Collective intelligence applied to healthcare

The virtuous cycle

James Fleck: Anticancerweb 12 (08), 2020

The practice of medicine presumes a strong connection with the patient. Empathy, which supports doctor-patient relationship, is a cognitive process. It is the result of experienced medical care, in which the doctor has the ability to identify and understand the nature of the patient's feelings. Empathy depends on sensitivity, but goes further, as it implies psychological learning. The cognitive approach is an essential part of multidimensional patient care, leading to a synergistic relationship between the intelligences of both, doctor and patient. The cognitive approach in the doctor-patient relationship applies the concept of collective intelligence in health care. Studies have shown that the quantification of collective intelligence is generally greater than the simple arithmetic addition of individual intelligences (factor c). However, doctor and patient must speak a clear and simple language, a fundamental condition for generating collective intelligence. This is the first step in overcoming natural challenges and achieving fruitful communication. The advantages are bilateral. The patient understands the disease and modulates his behavior to facilitate problem solving. The physician obtains greater effectiveness in the proposed interventions, better understanding how to deal with the patient's subjectivity. This is the basis for creating a virtuous cycle.

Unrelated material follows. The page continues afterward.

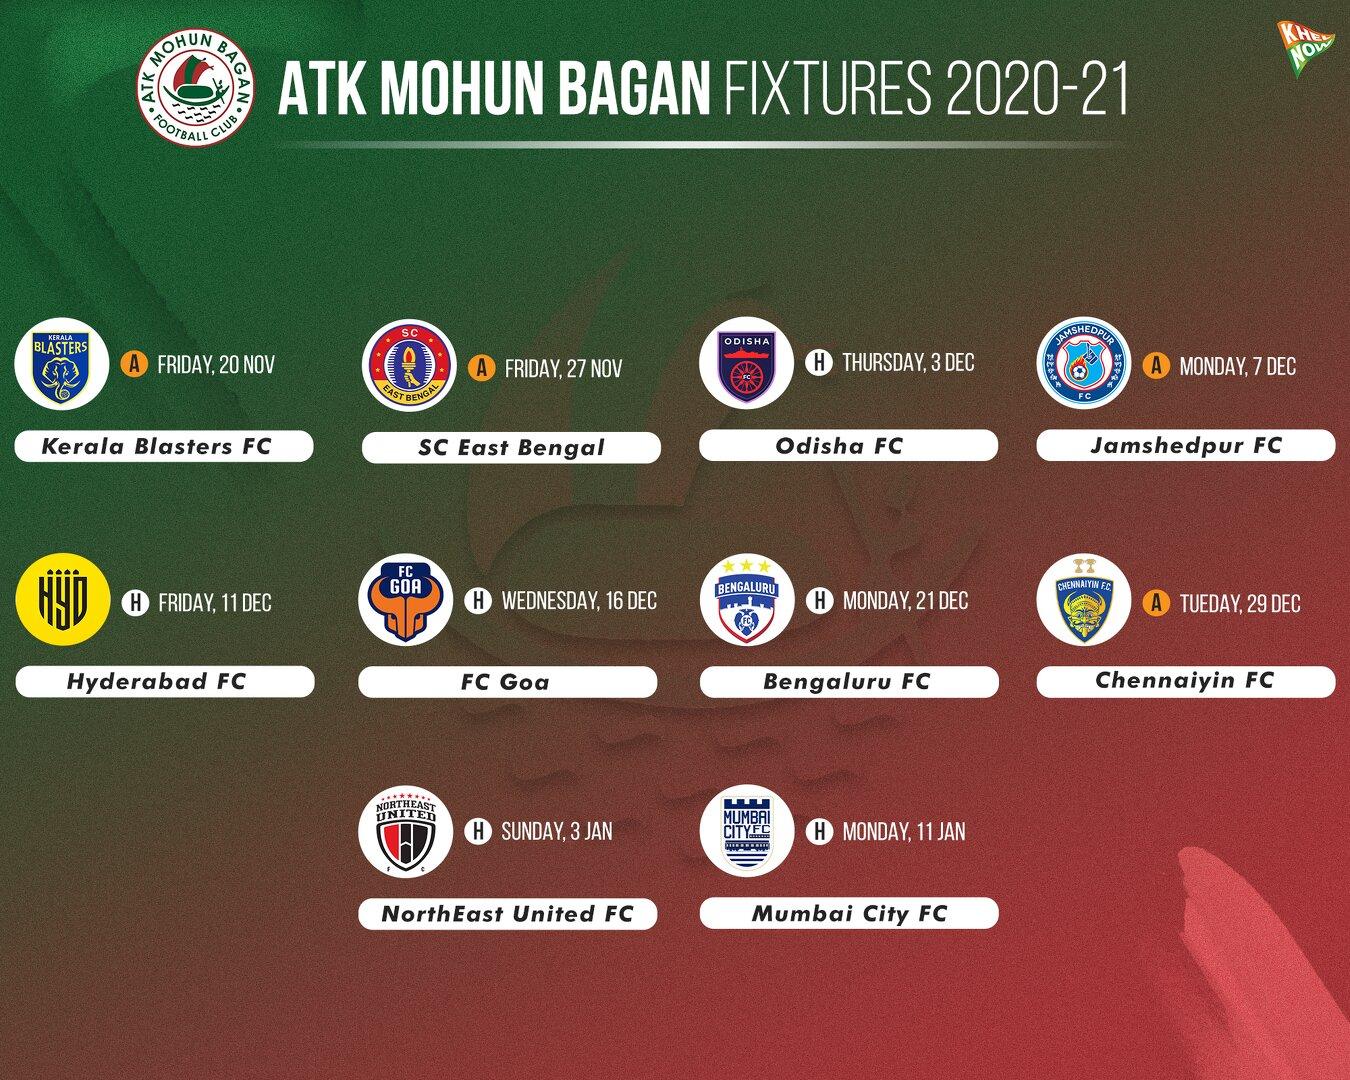 ATK Mohun Bagan fixtures

The essence of the virtuous cycle is subliminal. It is supported by immaterial values. These values ​​should not be understood as essential human needs, such as survival, security, belonging, self-esteem and self-realization. These needs are basic and explicit. The  lack or deficiency of any essential need is responsible for varying degrees of unhappiness and/or social problems. Addressing human needs should routinely be the first medical intervention. Through a structured health system, the physician will seek in multidisciplinary care the best way to meet the essential human needs of his patient, even if temporarily. It is an effort of professional and family cooperation to restore patient's dignity. Only from that moment it is possible to work with immaterial values. These values ​​are individual, specific and often difficult to identify. Exercising empathy, at the interface with the patient, the doctor will have to unveil his scale of immaterial values. Using the scale, it is possible to identify a predominant value, which I called the anchor value. This is the key to starting the virtuous cycle. Once the anchor value has been identified, the doctor will use it as an interactive resource, strengthening the doctor-patient relationship. The anchor value will facilitate the aggregation of other immaterial values, creating a virtuous circle, promoting collective intelligence and improving the cost-effectiveness of the proposed interventions. In October 2019, I presented at the ASCO Breakthrough: A Global Summit for Oncology Innovators, held in Bangkok, the preliminary results obtained with the use of collective intelligence in assisting cancer patients. In the figure below, you will find a representation of the virtuous cycle and the central role of the anchor value in the integration of multiple immaterial values.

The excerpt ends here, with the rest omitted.